Возрождение практики умного делания.
Третий этап. Конец 18 в. - начало 20 в.
Возрождение практики умного делания связывают с именами прп.Никодима Святогорца (в Греции) и прп.Паисия Величковского (в России). Эти подвижники - сквозь века - обращаются к утраченному православному наследству (прп.Никодим не боится обратиться и к наследию католическому). Никодим Святогорец издает "Добротолюбие" - собрание аскетических учений, а Паисий Величковский переводит его (и другие тексты) на славянский язык.

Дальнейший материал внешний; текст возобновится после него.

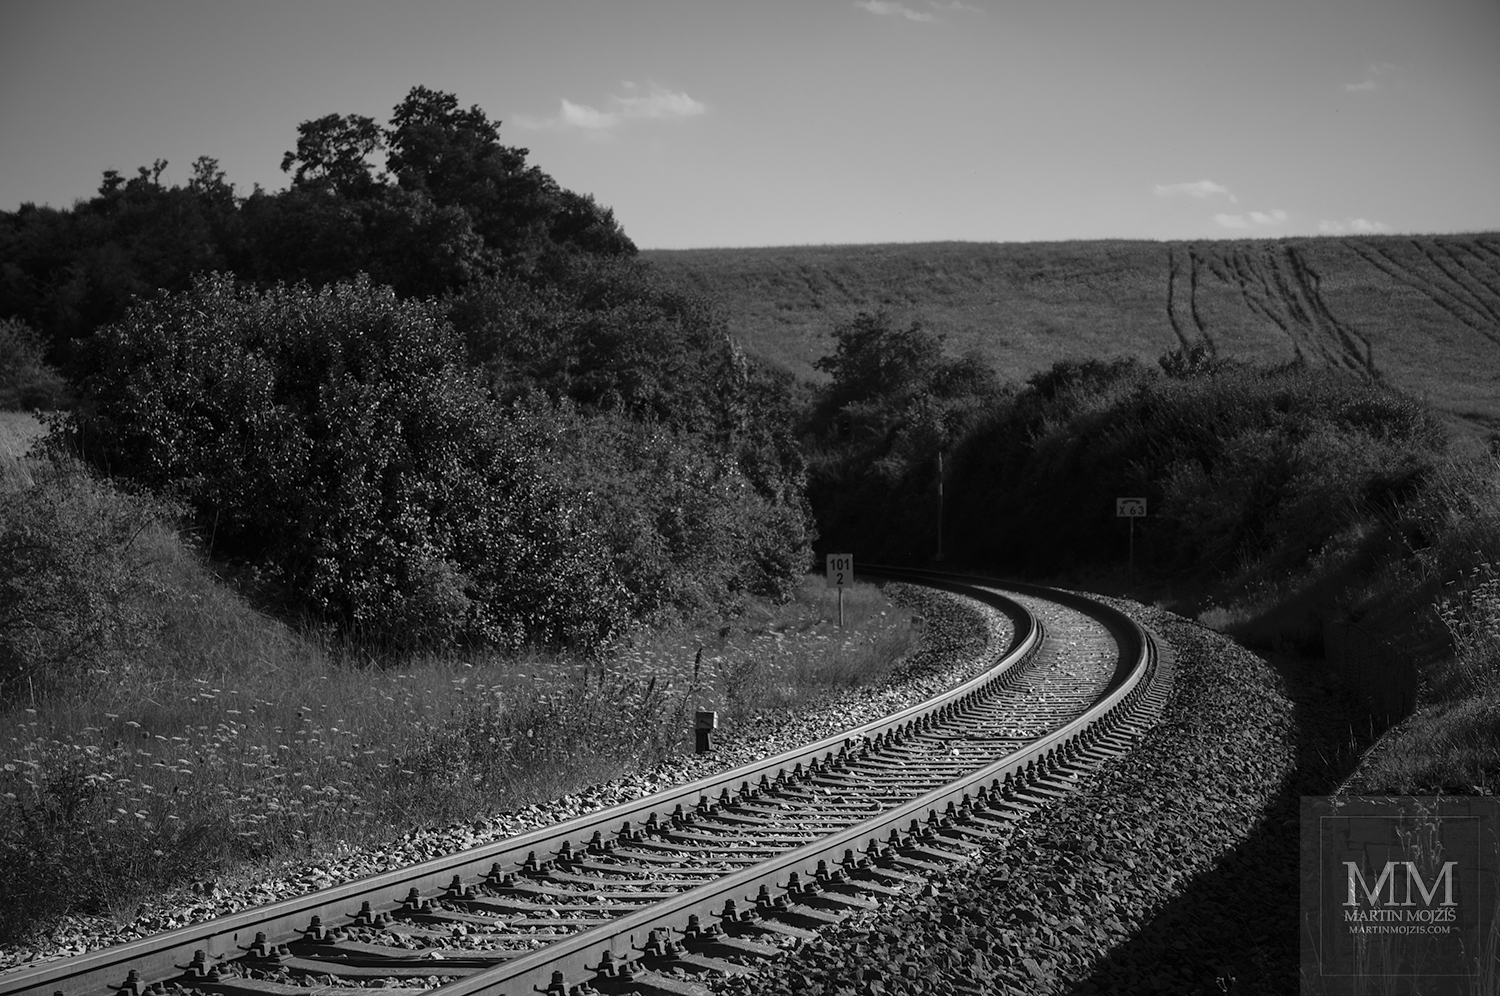 Railway track in an arc between fields. Black and white fine art photograph ARC AND FIELDS, photographed by Martin Mojzis.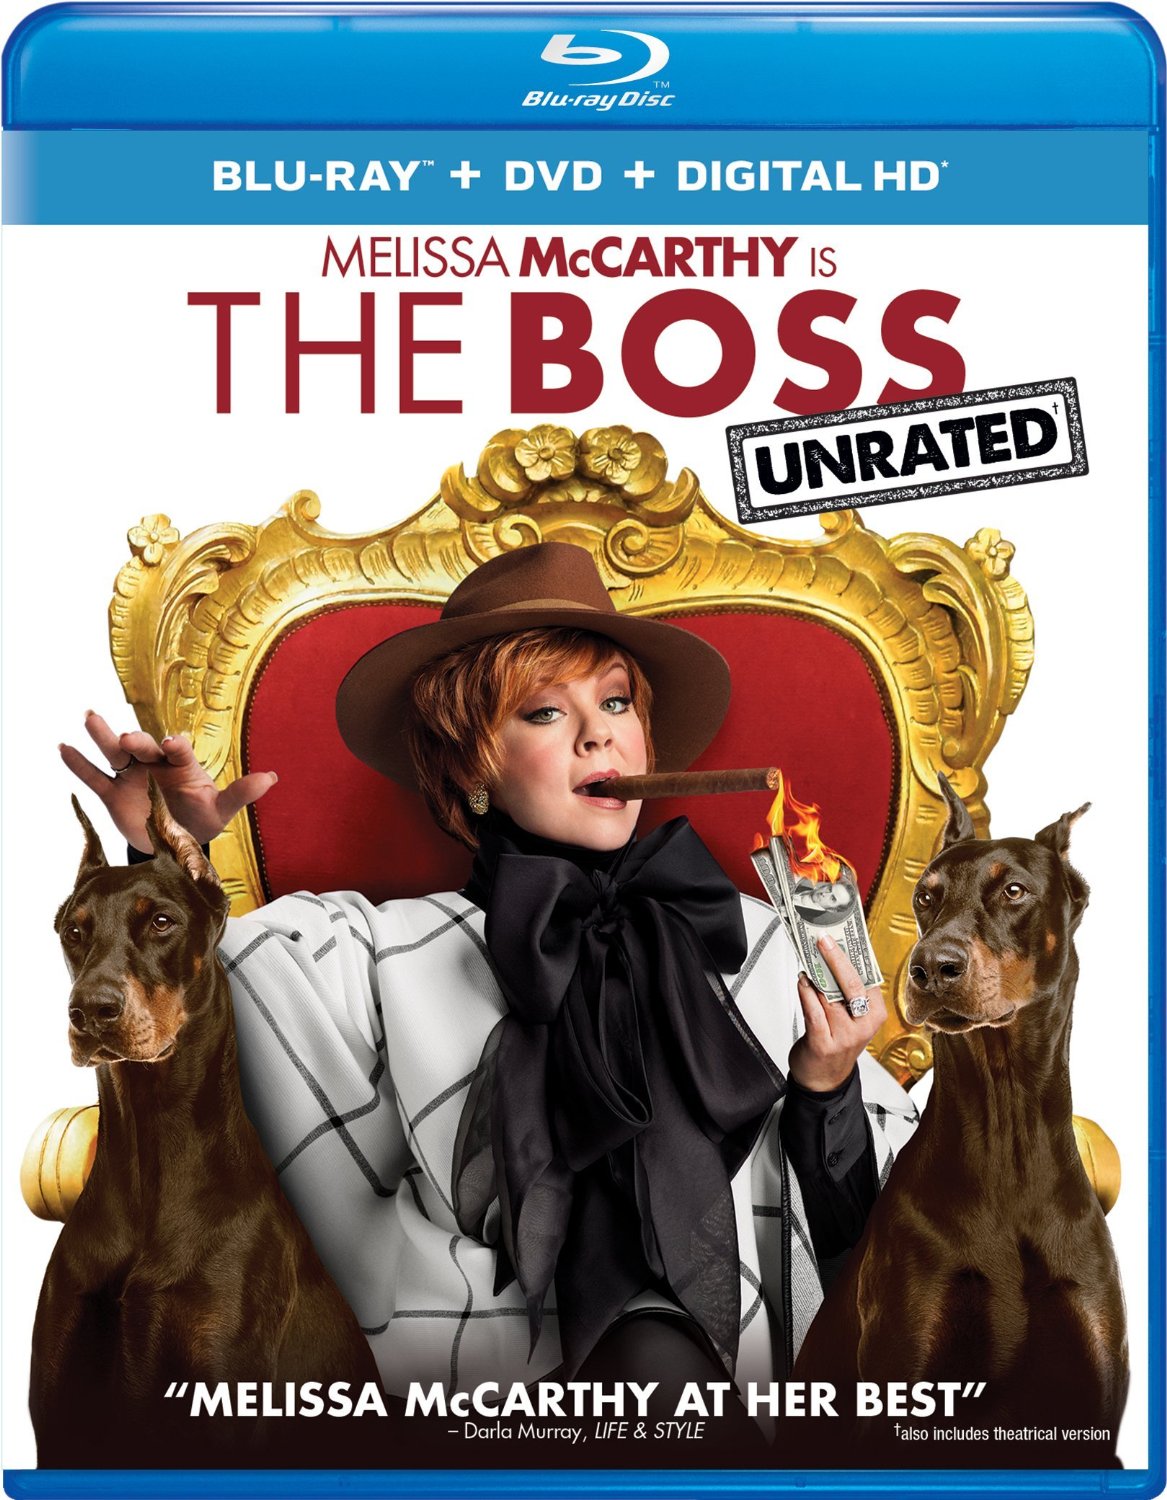 The Boss Blu-ray cover

Особенность третьего этапа в том, что церковь к началу 19 в. находится в глубоком духовном упадке. И возрождение сердцевины монашеского делания (и самой христианской жизни) происходит через непонимание и сопротивление внутри церкви. В этом смысле показателен путь прп.Паисия Величковского. Он так и не находит наставника и по сути оказывается обречен на духовное одиночество. Поддержку же обретает в святоотеческом наследии, но само наследие - книги - с огромным трудом разыскивает на Афоне. Афонские монахи пребывают в таком невежестве, что просто не знают ни книг, ни имен авторов подвижнических писаний. И только в скиту Василия Великого он отыскивает необходимое.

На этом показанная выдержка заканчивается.